A real estate developer accused of enriching the one-time mayor of Palm Springs with six-figure bribes to cinch his support for downtown projects cared only about “money … and control,” a prosecutor said Monday, while the defense countered there was “little” evidence implicating the man in a conspiracy.

“The law is very clear: You have to follow the rules,” Riverside County Deputy District Attorney Amy Zois told jurors in her opening statement Monday at the Banning Justice Center.

Zois characterized 86-year-old John Elroy Wessman’s business relationship with former Mayor Steve Pougnet as one of backroom deals intended to do one thing — benefit Wessman and his ventures.

The prosecutor said the defendant and fellow developer Richard Hugh Meaney, 59, conspired to favor Pougnet with high-dollar rewards for gaining the mayor’s support for the men’s redevelopment projects between 2012 and 2014.

“These men cared about money, property and control,” Zois told jurors.

She said Pougnet’s $3,605-a-month salary during his two terms was “peanuts” compared to the hefty cash infusions into his bank account facilitated by the two developers.

Zois argued it was Wessman’s influence that landed Pougnet work on the Palm Springs International Film Festival, for which he received $150,000 in 2012. The festival board chairman ended the mayor’s consultancy when it didn’t net the kind of results that the board had wanted, according to the prosecution.

Zois alleged the developers provided $225,000 in illicit payoffs to the mayor between 2012 and 2014, all to ensure his active support for the downtown renaissance projects, which court records allege included construction of The Dakota, the Desert Fashion Plaza, The Morrison and Vivante.

Zois displayed photographs of Pougnet and Wessman together at public functions, revealing obvious signs of friendship.

Wessman is charged with nine counts of bribery of a public official and one count of conspiracy to commit a felony. During a pretrial hearing last week, Pougnet reached a plea agreement directly with the court, admitting nine counts of bribery by a public official, eight counts of illicit financial interest in public contracts and one count of conspiracy, as well as no contest to three perjury counts.

Prosecutors objected to the plea to Superior Court Judge Samuel Diaz, releasing a statement that Pougnet “took advantage of the public trust” and should be held to account at trial.

Diaz scheduled a sentencing hearing for July 2.

All the felony charges against Meaney were dismissed over a year ago. However, he pleaded guilty to a reinstated misdemeanor count of financial conflict in a government contract. Like Wessman, Meaney is free on his own recognizance. He’s due for sentencing in June.

Both the ex-mayor and Meaney are expected to receive terms of probation.

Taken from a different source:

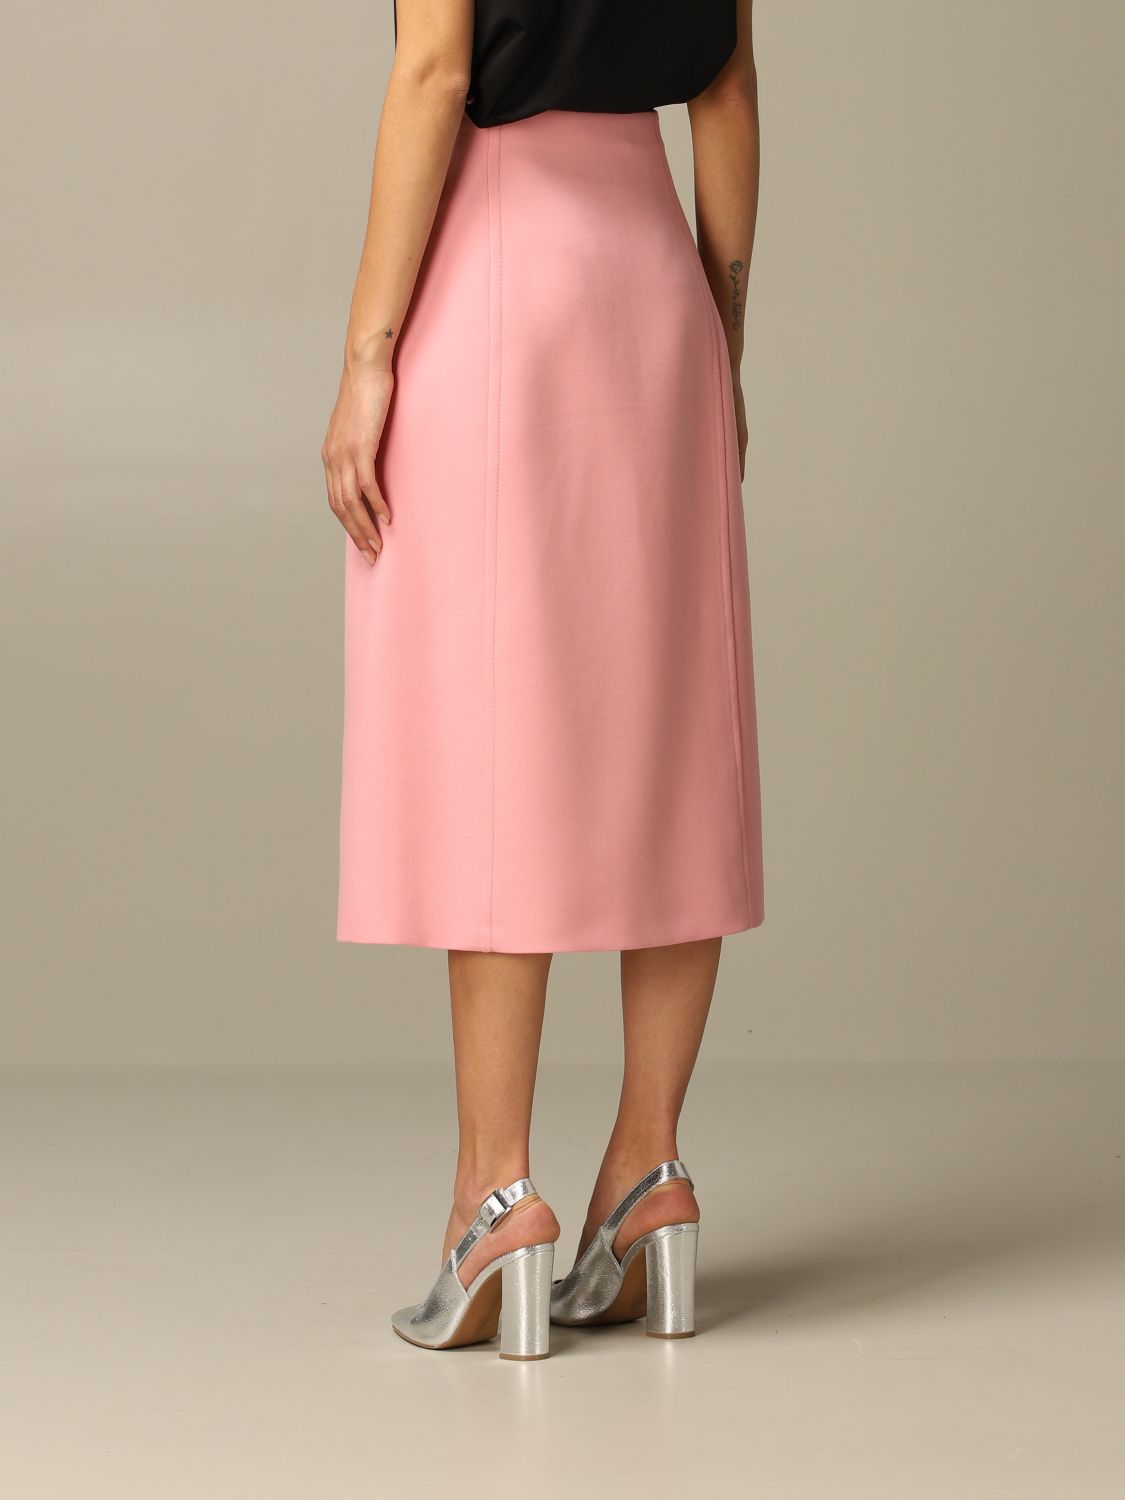 PRADA: virgin wool skirt with jewel buttons | Skirt Prada Women Pink

“There is very little evidence against Mr. Wessman,” defense attorney David Greenberg told jurors in his opening statement. “The payments were legit, the testimony against my client are not reliable, and there’s no proof of specific intent to corrupt the mayor.”

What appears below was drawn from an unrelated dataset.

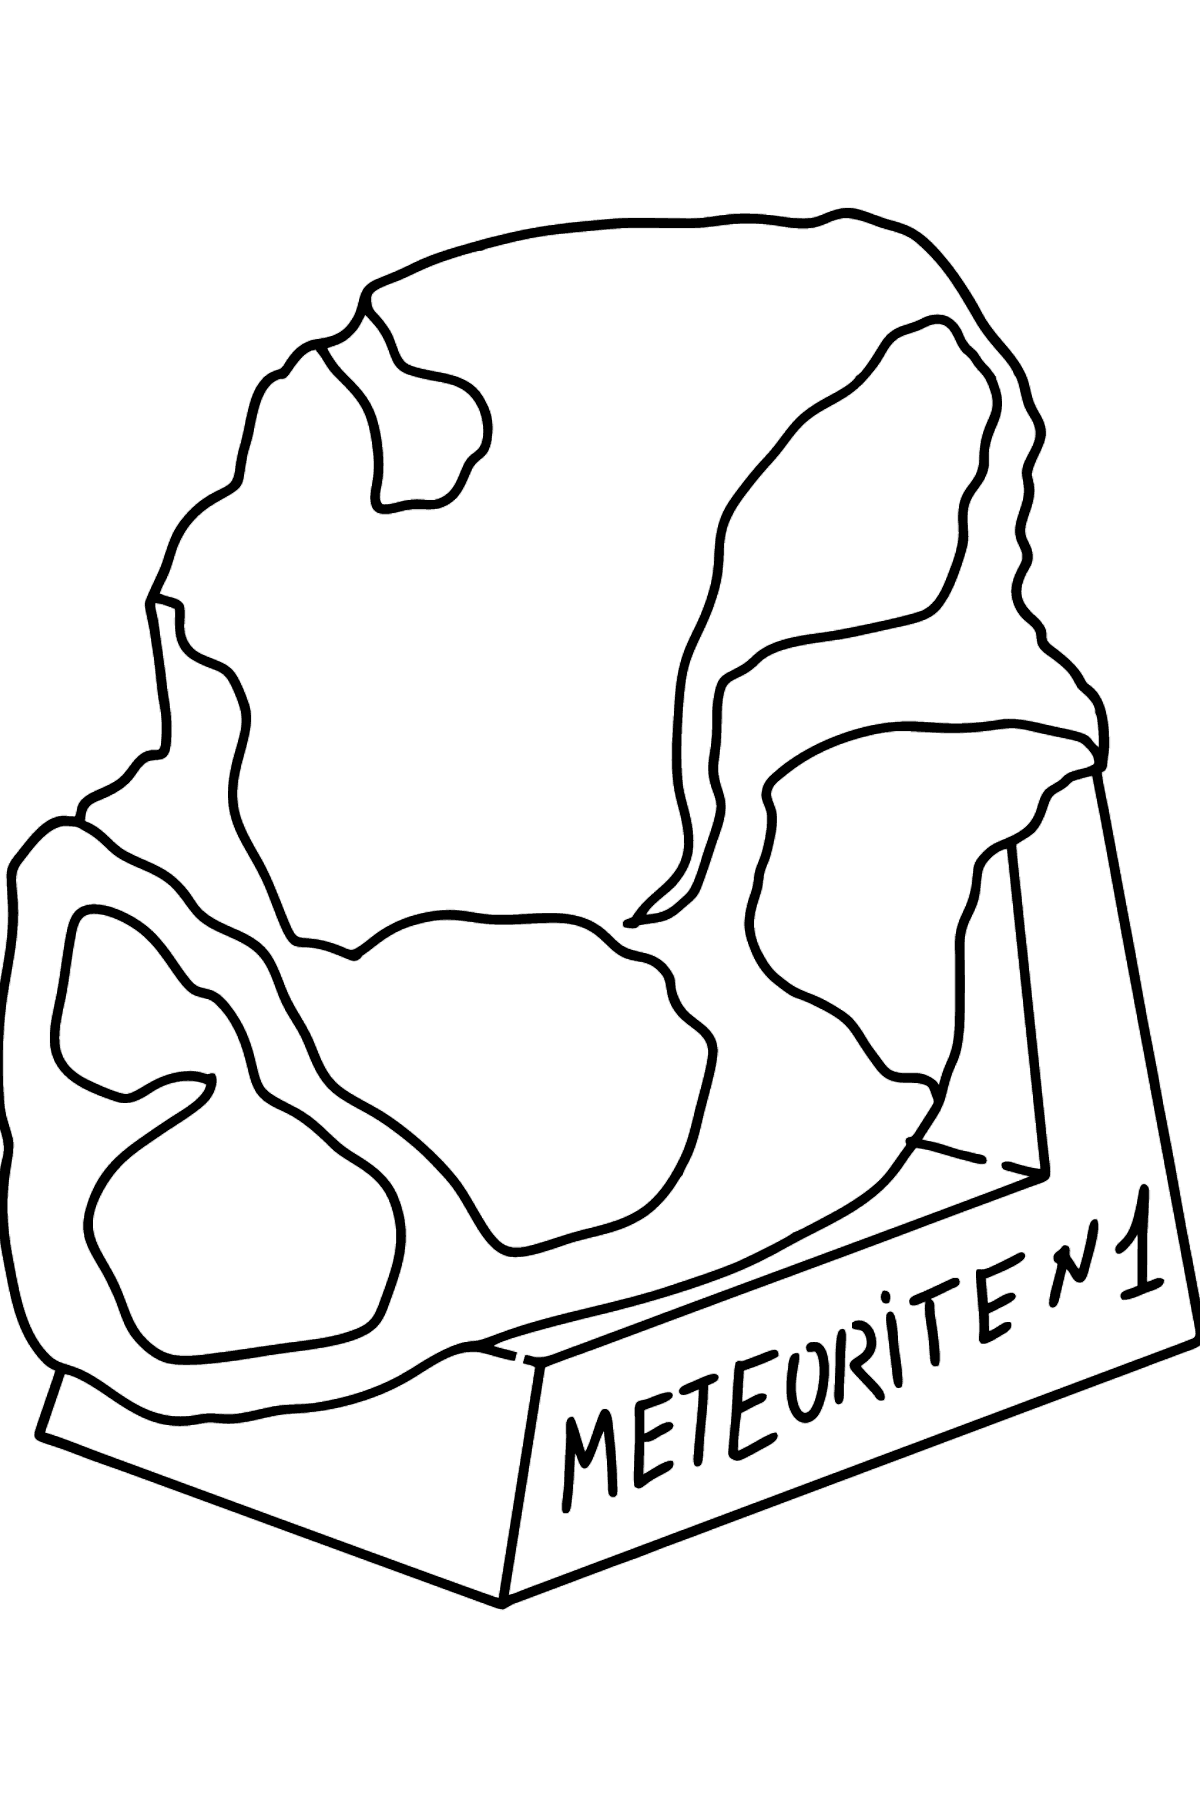 Раскраска метеорит - Картинки для Детей

The attorney detailed how his client took appropriate steps and remained within the bounds of the law to get his projects approved by the Palm Springs City Council. He displayed the record of votes and the paper trail of loans and promissory notes associated with the developer’s enterprises.

Greenberg underscored how Wessman relied on creative financing to contend with impacts of the Great Recession that started in 2008, seeking what amounted to a “public-private partnership” between Wessman Development Inc. and the city to move forward with redevelopment.

The efforts led to Measure J being put before voters citywide in 2011. It passed, resulting in $43 million in municipal bonds going to the developer’s projects, which began in earnest in the winter of 2012, the defense said.

Greenberg leveled blame at Meaney for any improprieties connected to cash for Pougnet.

The attorney insisted that his client always considered his dealings with the mayor and council aboveboard.

“Justice in this case is not guilty for John Wessman,” Greenberg concluded.

Pougnet, Wessman and Meaney were criminally charged, for the first time, in 2017 and later indicted by a grand jury.

The case began as a federal corruption probe until it was turned over to county investigators in 2016.

A trial judge in December 2020 dismissed all counts against Wessman, characterizing them as baseless, but the charges were reinstated by the Fourth District Court of Appeals in Riverside less than two years later.

Pougnet was in office from 2007 to 2015.

Payments to him were drawn directly from accounts maintained by Meaney’s Union Abbey Co. and Wessman Development Inc., according to the prosecution.

A prosecutor told the grand jury in 2019 that Pougnet planned to move to Colorado to join his husband and two children when his first term ended in 2011, but the two developers put him “on their payroll” in order to gain his votes of confidence in their projects.